Nucleare: la Germania chiude centrali e spinge a tutta forza sulle rinnovabili. Italia in pausa di riflessione

di Dini Casali
Pubblicato il 15 Aprile 2011 - 12:40 OLTRE 6 MESI FA

(foto Ap/ Lapresse)

ROMA – Fukushima ha cambiato le carte in tavola. L’opinione pubblica mondiale è rimasta choccata dal disastro giapponese, il partito “no nukes”, dato per morto, è di nuovo sulla breccia, i paladini dell’atomo balbettano. Tuttavia, pur all’interno di una cornice di emotività e fatti salvi il principio di precauzione, la sicurezza ambientale ecc., il tema dell’approvvigionamento energetico rimane sullo sfondo, resta sottotraccia, gentilmente ignorato come una zia noiosa a un matrimonio. Eppure, il modo come daremo energia alle nostre industrie, riscalderemo le case, procureremo un po’ di ristoro dalle calure estive, insomma tutto il nostro invidiato “tenore di vita”, è il tema dei temi, la sfida cruciale. Atomo, petrolio, gas, oppure vento, sole, acqua, oppure ancora il vecchio carbone, su cosa punteremo, cos’altro ci inventeremo?

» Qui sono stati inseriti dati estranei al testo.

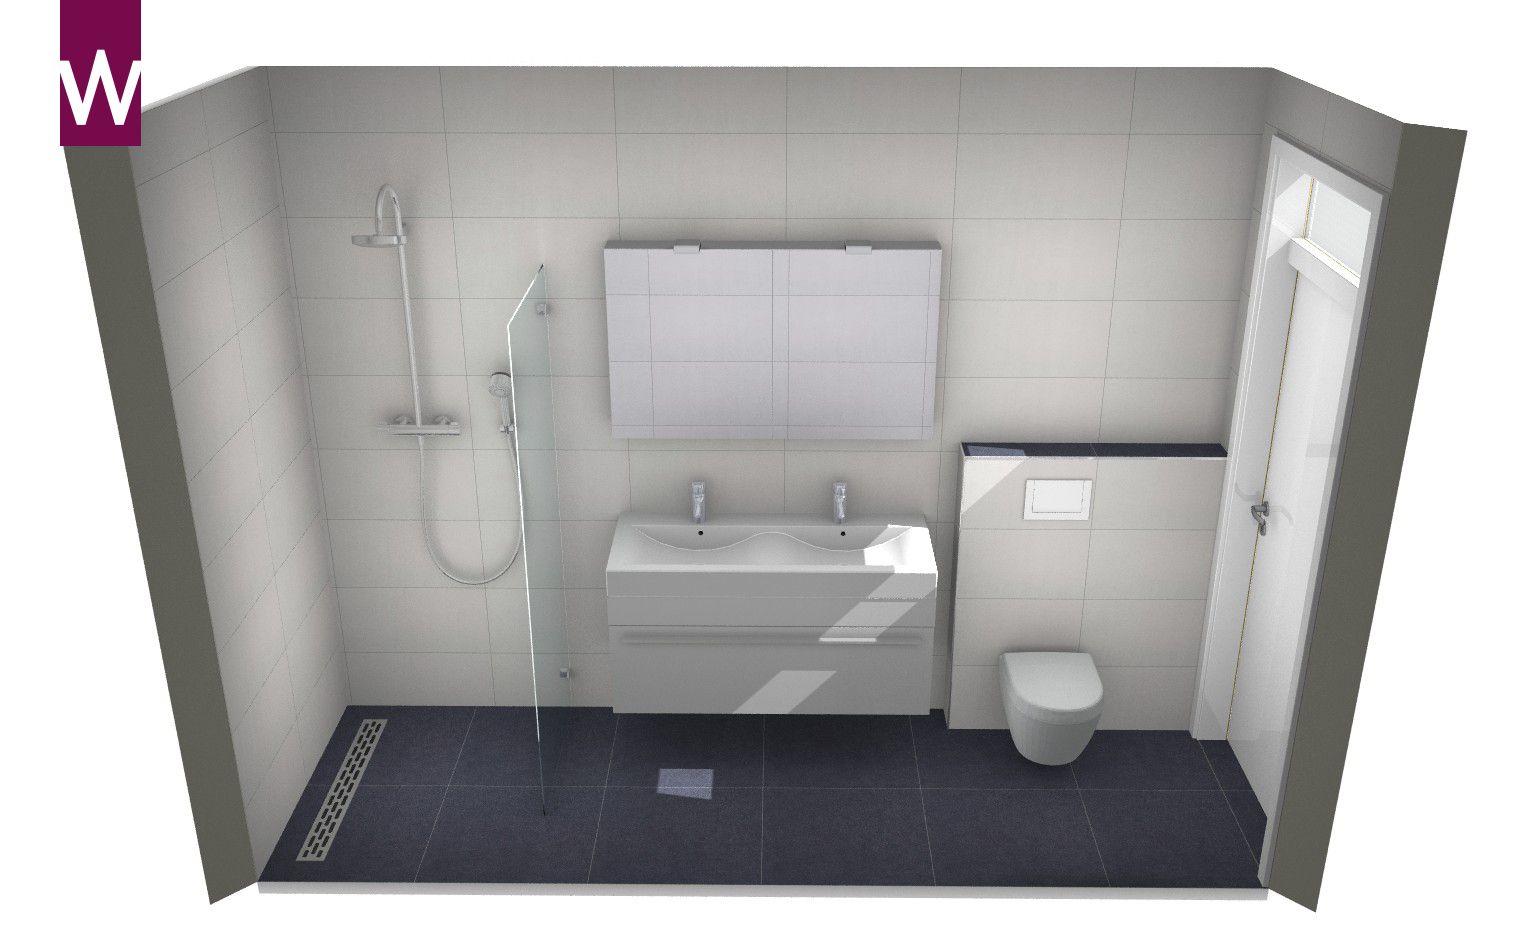 Badkamer Bad Afmetingen : Smalle kleine badkamer met dubbele wastafel wandcloset en

Un metodo utile per valutare i diversi approcci dei governi rispetto alla questione energetica,  può essere il confronto tra l’Italia e la Germania. Ancora con il modello tedesco, si dirà. E’ vero, un abisso di cultura imprenditoriale e di senso dello Stato ci separa dai nostri amici campioni di organizzazione. Ma i governi vanno giudicati sulle misure concrete messe in campo e sulla capacità di vedere un po’ più in là di domani. Possedere una “vision” si diceva una volta.

Ebbene, dalla Germania è arrivata una risposta netta: “Avanti tutta sulle energie rinnovabili”. Entro giugno sarà avviato il nuovo piano che valorizzerà solare, eolico e centrali a gas. Angela Merkel, pur scontentando i ricchi donatori delle lobby industriali, ha messo in naftalina il nucleare. Subito dopo Fukushima era stata decisa la chiusura immediata per quasi la metà degli impianti, controlli a tappeto per tre mesi  con la certezza che qualcuno verrà chiuso definitivamente senza nemmeno aspettare il risultato dei check test. E’ stata una scelta dolorosa: la Merkel, in ossequio ai suoi grandi elettori pro-business e grandi fautori del nucleare, aveva esteso al 2030 la legge dell’amministrazione precedente di sinistra che imponeva la dead-line per i reattori al 2022. Ma l’ennesima giravolta non le ha portato fortuna, visto dopo 58 anni di dominio incontrastato dei Cristiano Democratici, nel Baden-Wuttenberg, cuore dell’industria tedesca, i Verdi si sono imposti trionfalmente.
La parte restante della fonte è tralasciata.